Second Quarter Fiscal 2017 Results

Net sales in the second quarter of fiscal 2017 were $139.0 million, a decrease of $3.3 million, or 2.3%, from $142.3 million in the second quarter of fiscal 2016, primarily due to the divestiture of the Company’s institutional spice assets in December 2015 and a decrease in net sales from coffee (frozen), partially offset by an increase in net sales of tea products from the addition of net sales from China Mist, which was acquired on October 11, 2016.

During the second quarter of fiscal 2017, volume of green coffee processed and sold increased 5.7% as compared to the second quarter of fiscal 2016. Roast and ground coffee products which accounted for 62% of total net sales, increased 5.7% in unit sales, offset by a 77.6% decrease in unit sales of spice products due to the divestiture of the Company’s spice assets, which accounted for 4% of net sales, while the decrease in average unit price was primarily due to the lower average unit price of roast and ground coffee products primarily driven by the pass-through of lower green coffee commodity purchase costs to customers.

Gross profit in the second quarter of fiscal 2017 increased $2.2 million, or 4.1%, to $55.1 million from $52.9 million in the second quarter of fiscal 2016. Gross margin increased 240 basis points to 39.6% in the second quarter of fiscal 2017 from 37.2% in the second quarter of fiscal 2016. The increase in gross profit was primarily due to lower conversion costs and lower hedged cost of green coffee partially offset by the decrease in net sales. Gross profit in the second quarter of fiscal 2017 included the expected beneficial effect of the liquidation of LIFO inventory quantities in the amount of $0.8 million, primarily from an anticipated reduction in spice product inventories.

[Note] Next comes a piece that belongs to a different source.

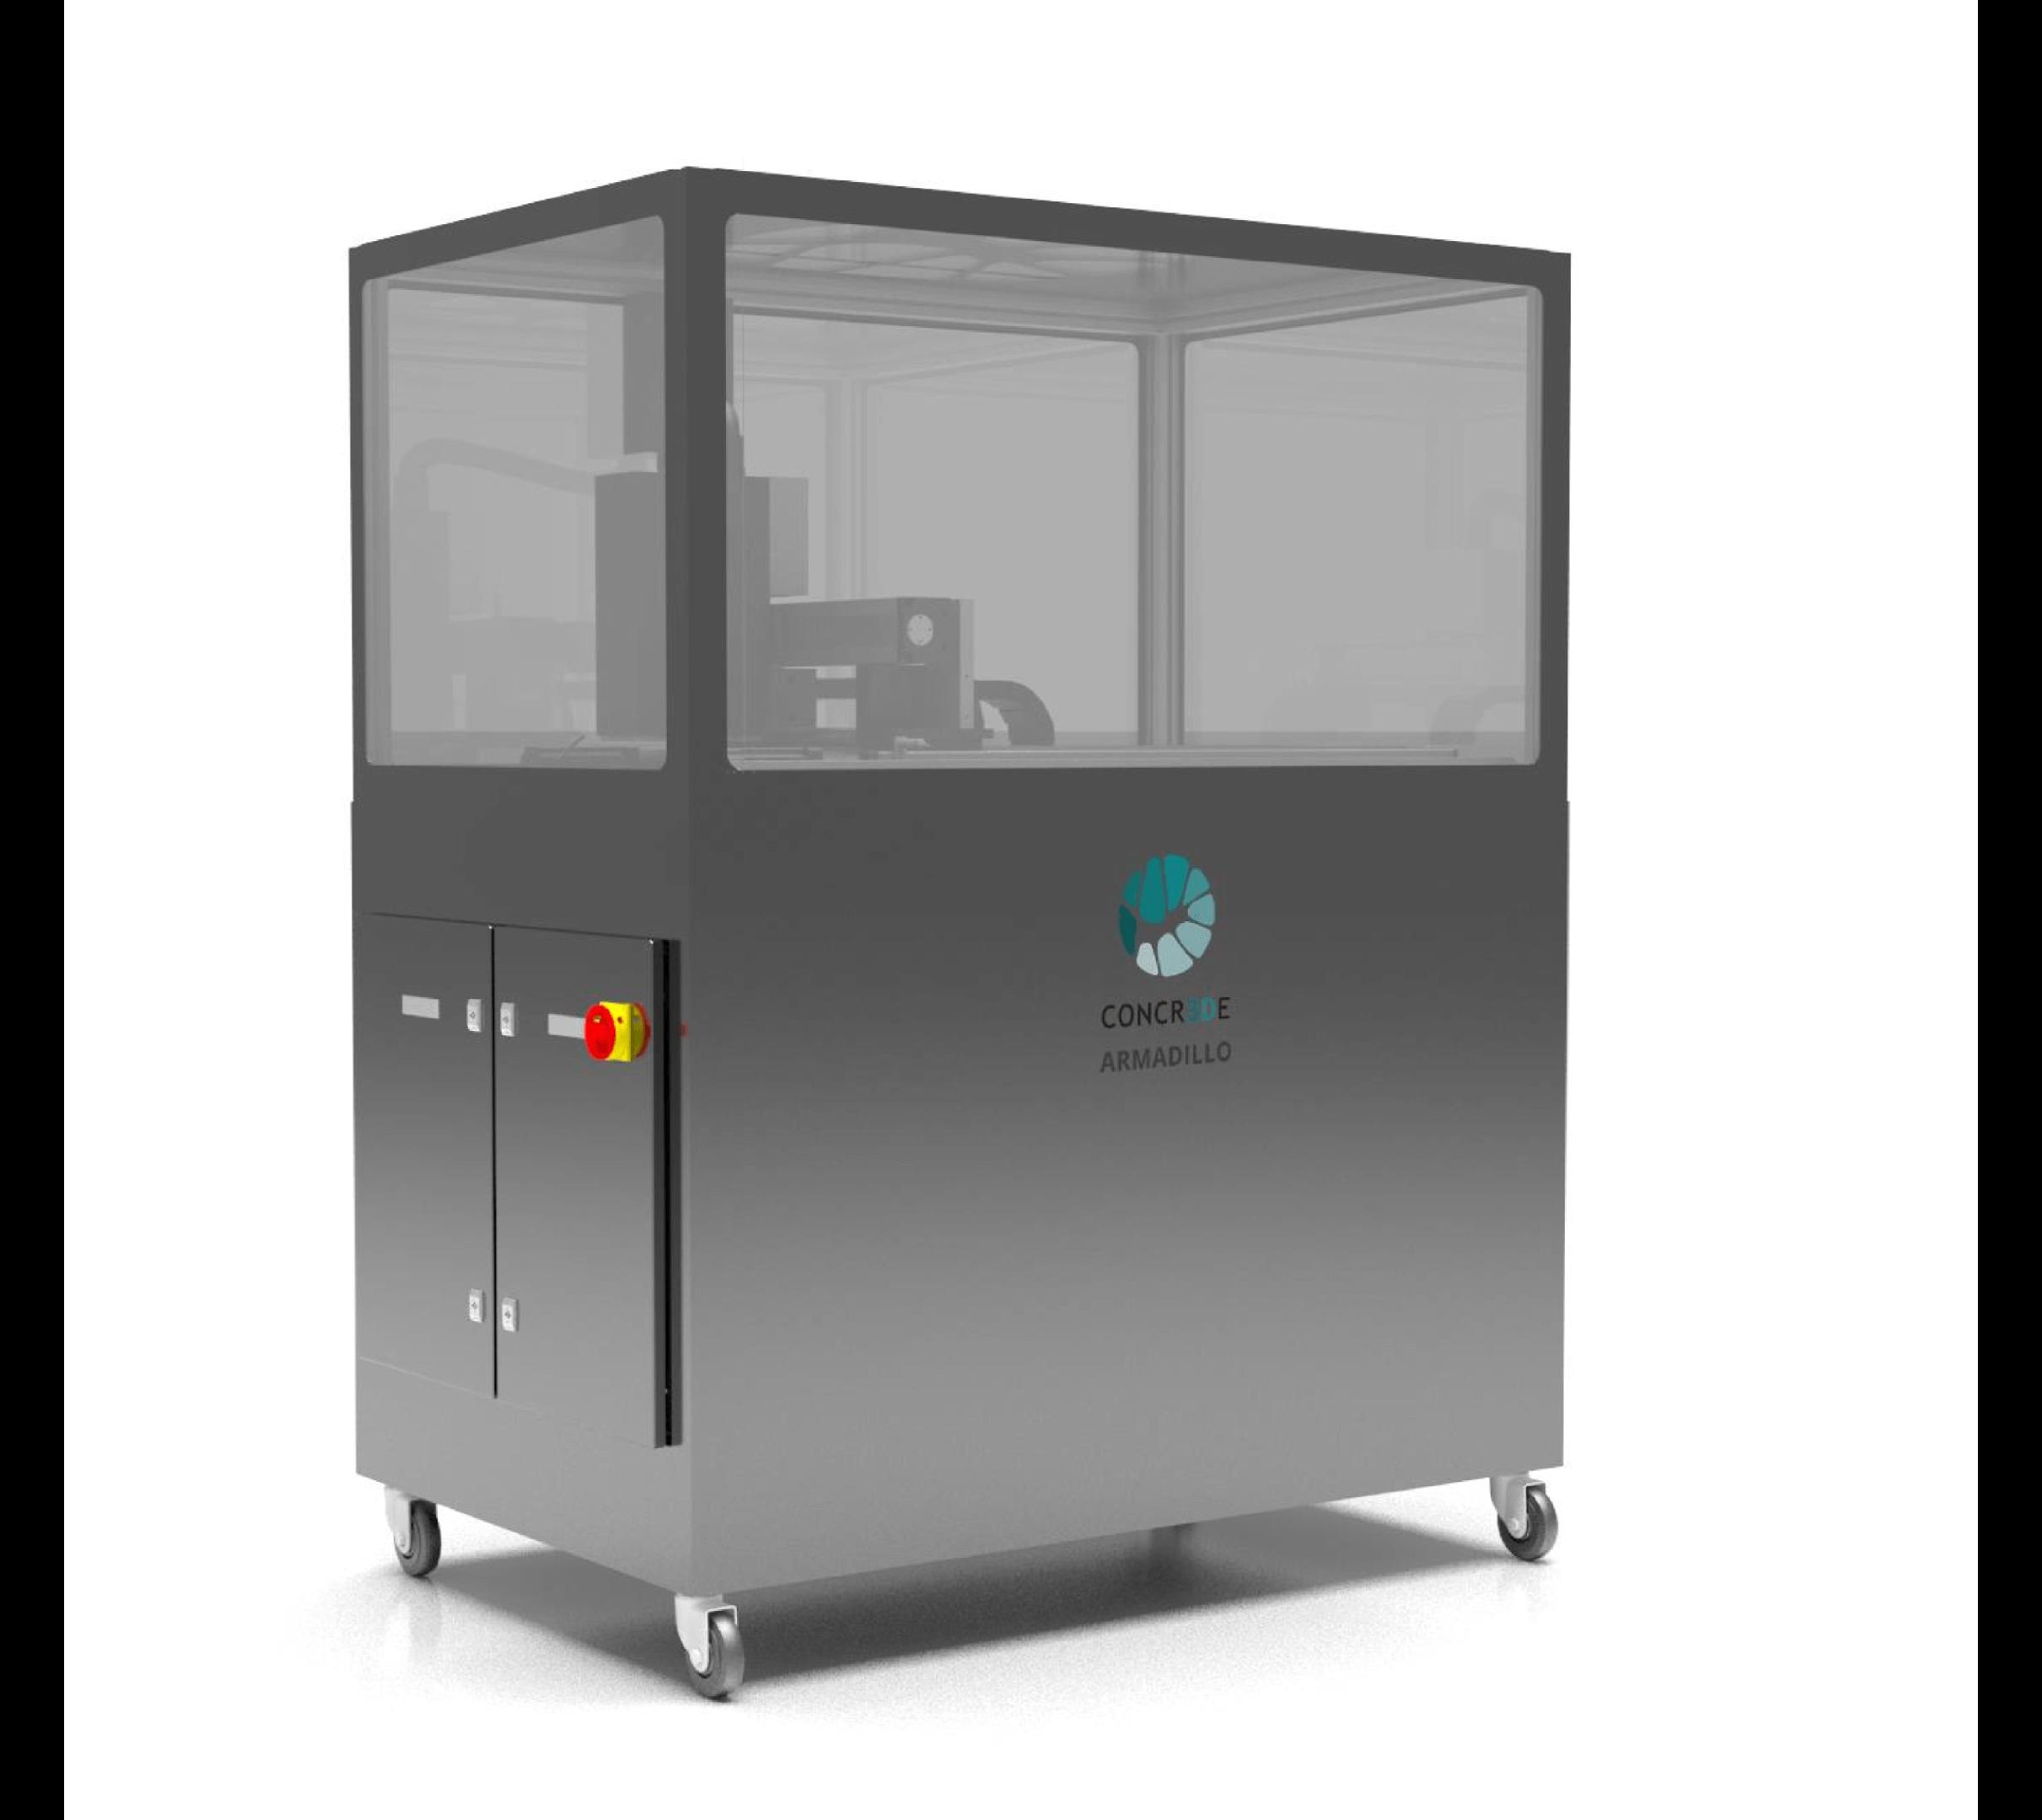 Stone 3D printer CONCR3DE Armadillo

In the second quarter of fiscal 2017, operating expenses decreased $28.4 million, or 59.6%, to $19.2 million, or 13.8% of net sales, from $47.5 million, or 33.4% of net sales, in the second quarter of fiscal 2016, primarily due to the recognition of $37.4 million in net gain from the sale of the Torrance facility and lower restructuring and other transition expenses associated with the corporate relocation plan, offset by a $4.3 million increase in general and administrative expenses and a $1.2 million increase in selling expenses. General and administrative expenses increased $4.3 million in the second quarter of fiscal 2017 as compared to the same period in the prior fiscal year primarily due to non-recurring proxy contest-related expenses. During the second quarter of fiscal 2017, $3.7 million, or $0.22 per diluted common share, in expenses were incurred from the 2016 proxy contest, including non-recurring legal fees, financial advisory fees, proxy solicitor fees, mailing and printing cost of proxy solicitation materials and other costs that were in excess of the level of expenses normally incurred for an annual meeting of stockholders. 

Income from operations in the second quarter of fiscal 2017 was $35.9 million as compared to $5.4 million in the second quarter of fiscal 2016, primarily due to the net gain from the sale of the Torrance facility, lower restructuring and other transition expenses associated with the corporate relocation plan and higher gross profit, partially offset by higher selling expenses and general and administrative expenses and lower net gains from the sale of spice assets.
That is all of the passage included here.